## DATA EXTRACT
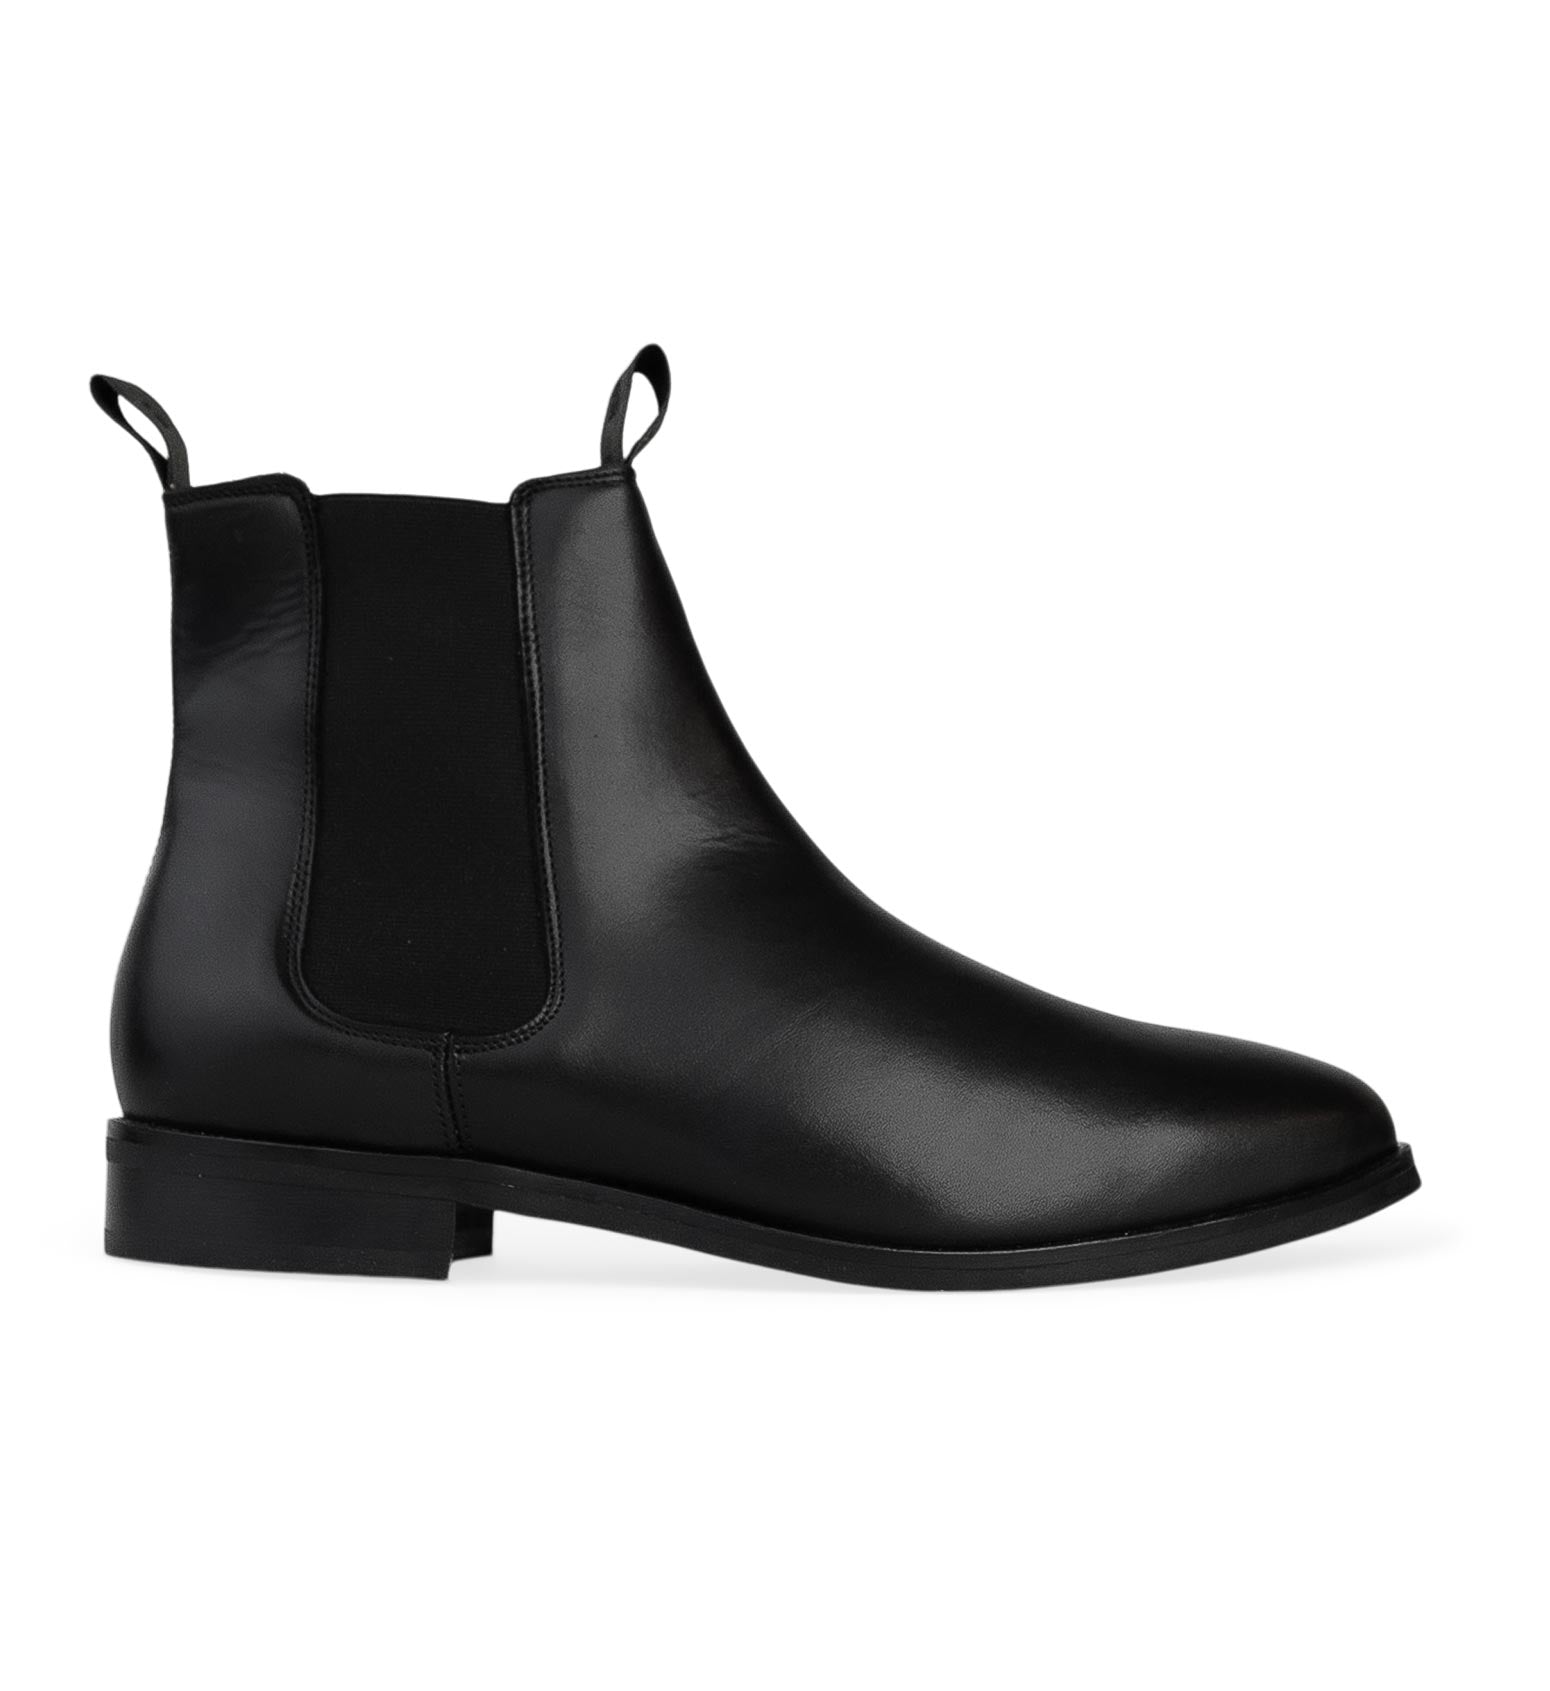 Thallium Rubber Sole Black Leather Boots | Bared Footwear
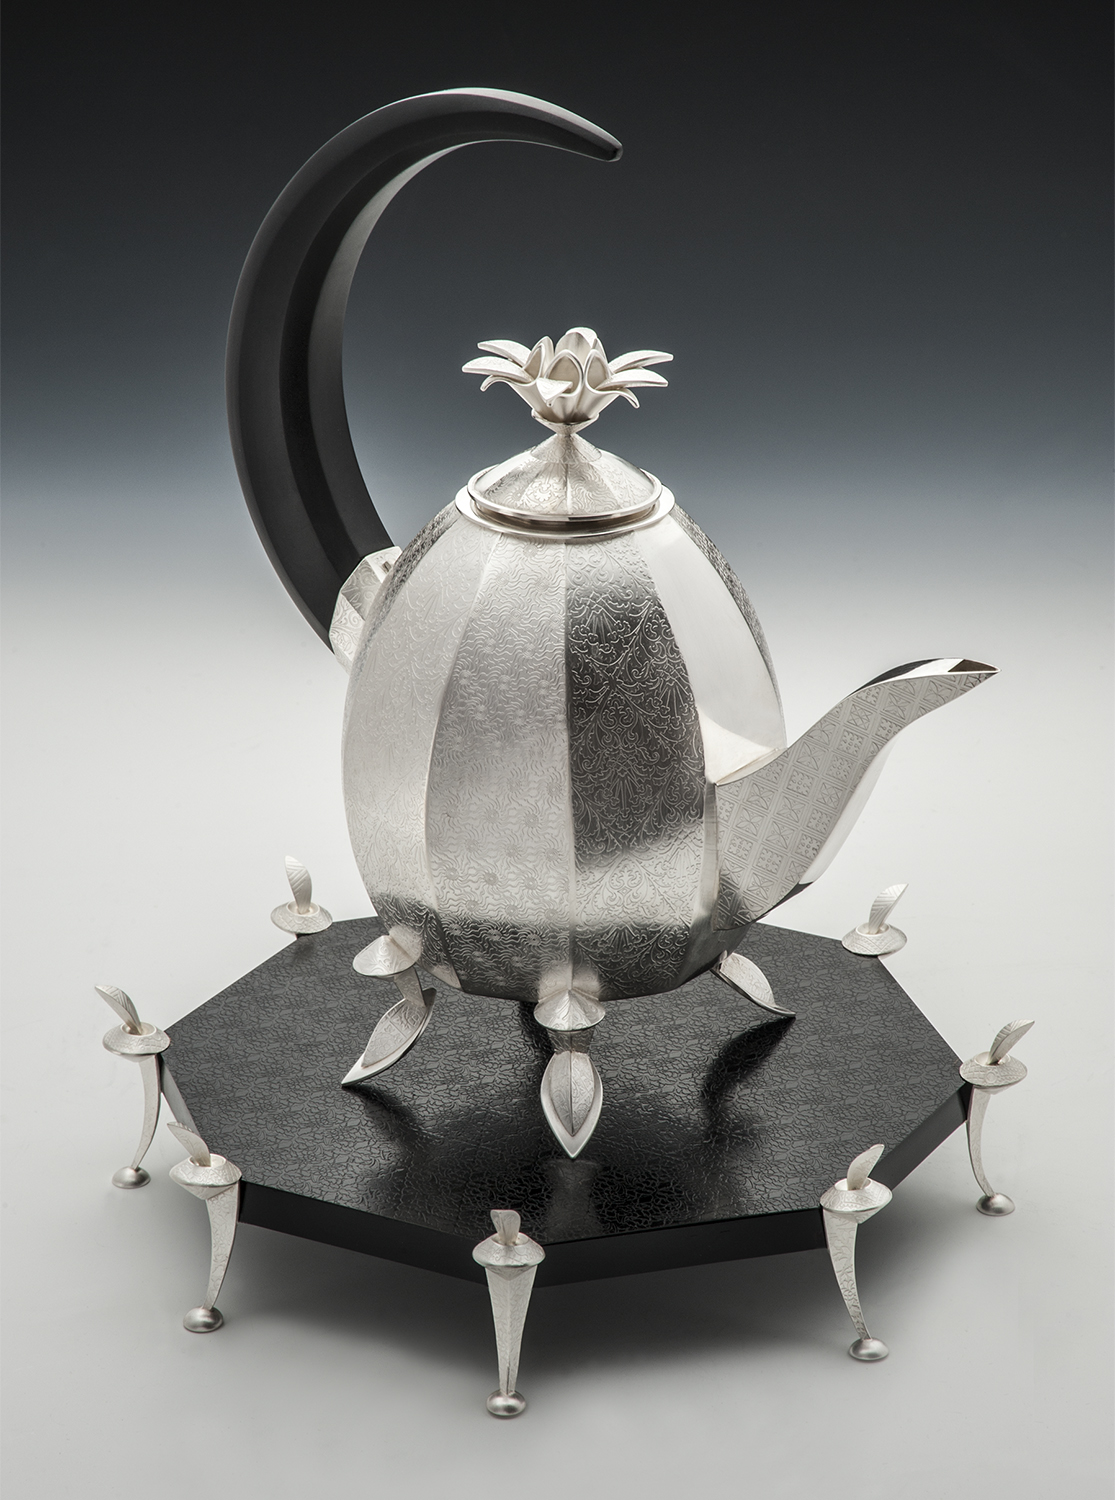 Slippers Teapot  |  2000  |  sterling silver, maple, micarta  |  13 x 10 x 10 inches
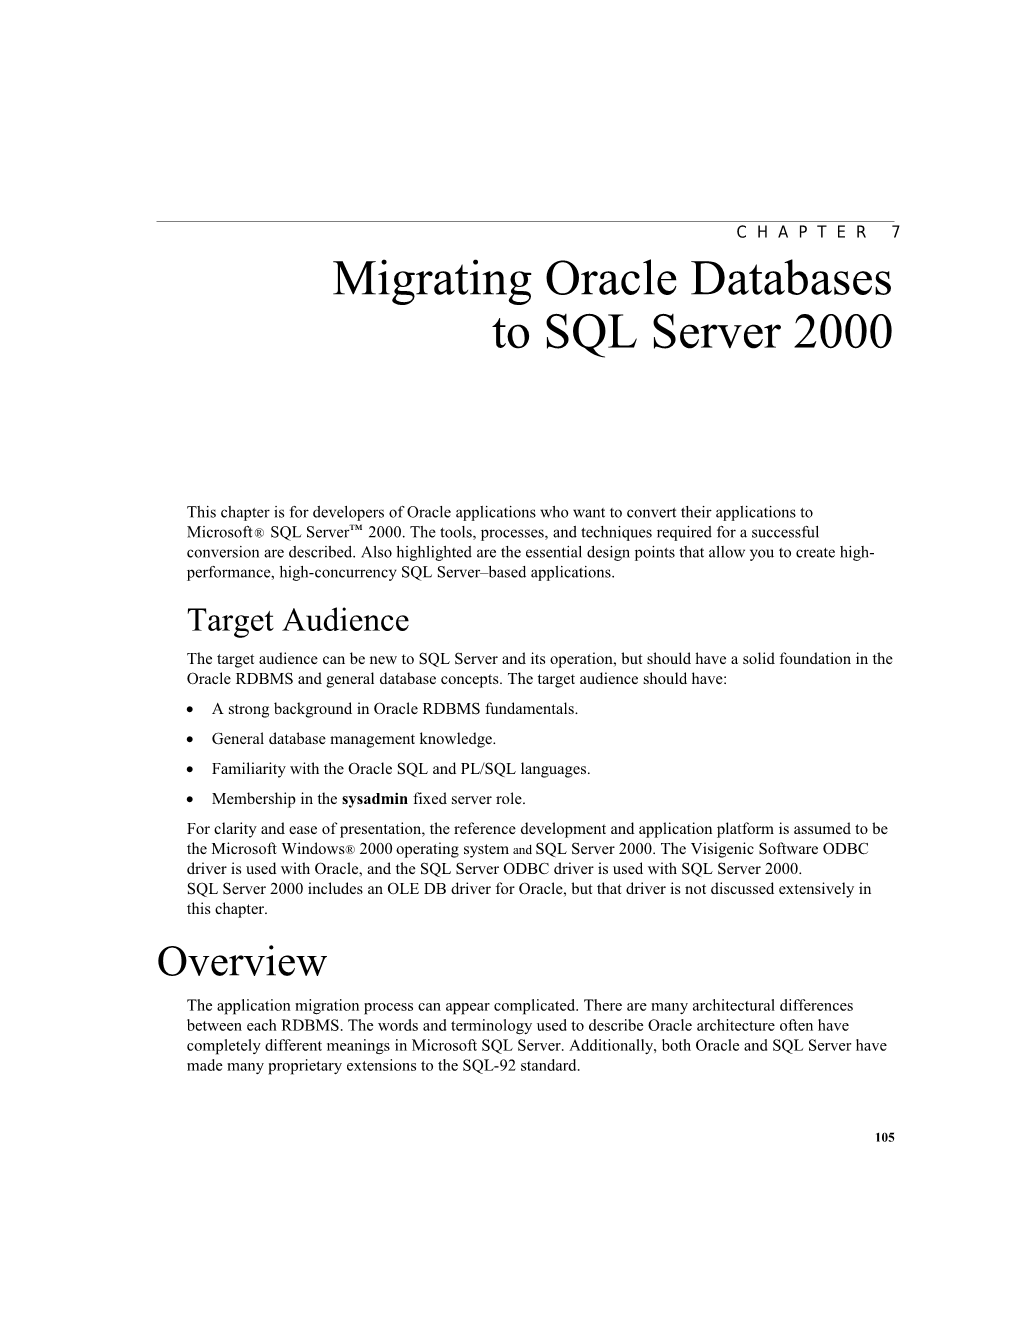 Chapter 7Migrating Oracle Databases to SQL Server 2000

## WORK ORDER
Without the pictures, copy the material exactly as given.

## SOLUTION TO THIS TASK
 Thallium Rubber Sole Black Leather Boots | Bared Footwear
 Slippers Teapot  |  2000  |  sterling silver, maple, micarta  |  13 x 10 x 10 inches
 Chapter 7Migrating Oracle Databases to SQL Server 2000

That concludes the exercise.